Columnas de Opinión sobre Cuba

RAUL RIVERO: La democracia como delito

 

A una semana de la muerte del líder opositor Osvaldo Payá Sardiñas y del activista Harold Cepero en un nebuloso accidente de tráfico en la zona oriental de Bayamo no se rebaja el pesar dentro de Cuba ni en el exilio. Al mismo tiempo, los voceros del régimen aprovechan la controversia sobre el episodio, que alcanza dimensiones internacionales, para enviar mensajes negativos y amenazadores.

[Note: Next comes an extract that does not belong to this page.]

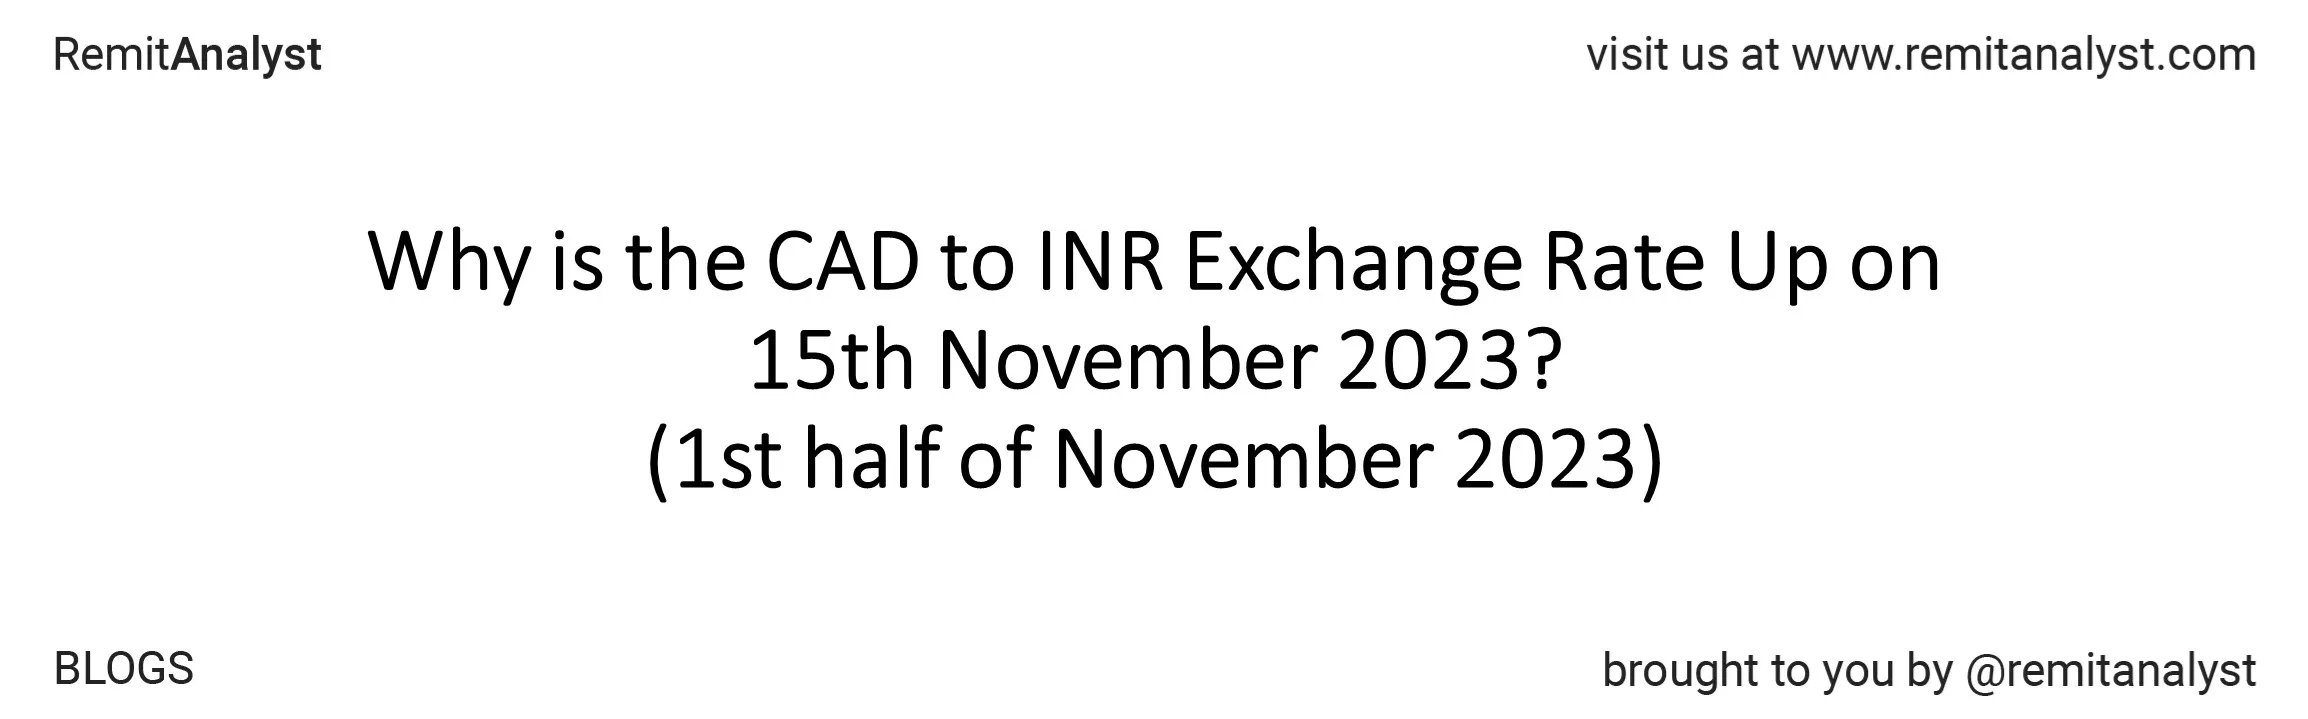 cad-to-inr-exchange-rate-from-1-nov-2023-to-15-nov-2023-title

El renombre de la figura de Payá y la presencia en el suceso de dos jóvenes dirigentes juveniles de Europa -el español Ángel Carrromero (en prisión provisional en La Habana porque manejaba el auto) y el sueco Arom Modig, que ya regresó a su país- hacen que el asunto y sus derivas políticas acaparen todavía espacios y titulares en muchos medios europeos.

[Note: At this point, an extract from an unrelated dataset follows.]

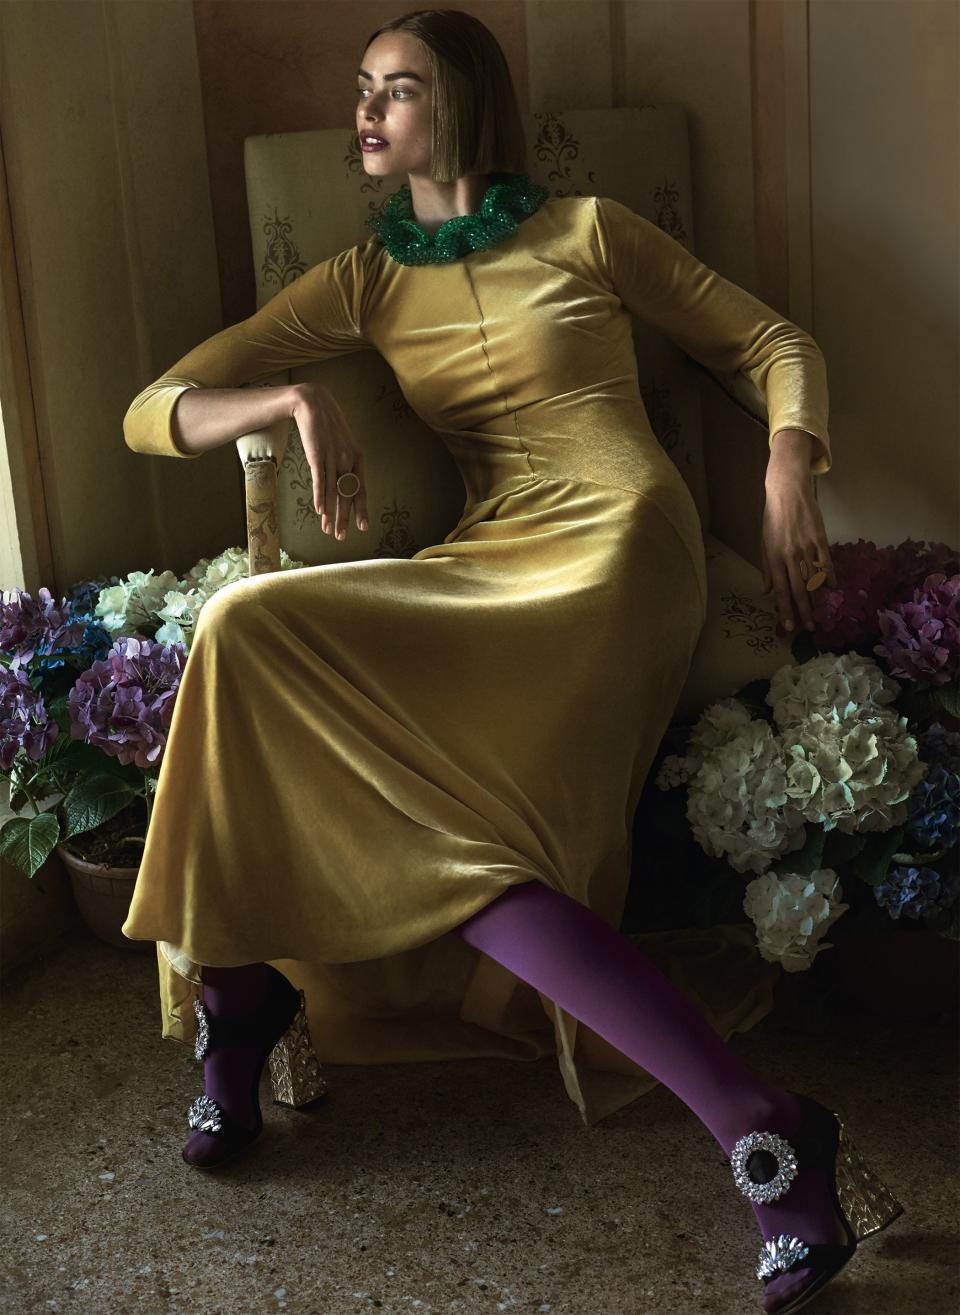 <strong>Natural Attraction</strong> Alberta Ferretti’s daffodil-yellow velvet dress—much like a bouquet of fresh-cut hydrangeas—lifts the spirits and heightens the senses. Alberta Ferretti dress, $1,990; Barneys New York, NYC. Dries Van Noten necklace. Rings by Sabine Mueller and Monika Jakubec. Falke tights. Miu Miu shoes.

La versión oficial de los hechos, rechazada con fuerza por Ofelia Acevedo,

la esposa del dirigente democratacristiano, se ha utilizado por los funcionarios gubernamentales para trasmitir hacia el exterior un latigazo de miedo a las instituciones solidarias con la oposición pacífica cubana. El relato y sus añadidos envenenados les ha servido, además, para tratar de darse un baño de santidad y para repetir las descalificaciones contra los que trabajan por la libertad dentro del país, cara a cara con la dictadura.

Los recados fundamentales del grupo de poder en la isla tienen la intención de reforzar su imagen de victima de una conspiración internacional. Pero el superobjetivo es aislar a los opositores, a las Damas de Blanco, al periodismo independiente y a los grupos de activistas que, dirigidos por ex presos políticos, se mueven en diferentes zonas del interior de la república.

Quieren que José Daniel Ferrer, en Oriente; Félix Navarro, Ángel Moya, en Matanzas; Pedro Argüelles, en Ciego de Ávila o Librado Linares, en Villa Clara, por ejemplo, se queden solos en sus campañas y pierdan el respaldo de los amigos de otras partes del mundo.

La idea de los viejos propagandistas tropicales es que no haya resonancia ni apoyos para hombres como Oscar Elías Biscet o Jorge Luis Perez Antúnez y que las damas de blanco Niuka Luque y Sonia Garro (en prisión desde marzo pasado) se queden calladas y sin ayudas en la cárcel.

El gobierno cubano también se empeña en explotar otras vías (la diplomática para manipular las relaciones con la Unión Europea) ) y sacar ventajas políticas de la trágica muerte de Payá y la saga del acontecimiento.

Pero el centro de sus propósitos con esta nueva ofensiva oportunista es atemorizar a quienes tienen interés de colaborar con la libertad de aquella nación. Personas que saben, como dijo un gran amigo español hace unos años en plena Habana, que la democracia no es una camiseta que se quita y se pone. Y promoverla no es delito en ningún sitio civilizado.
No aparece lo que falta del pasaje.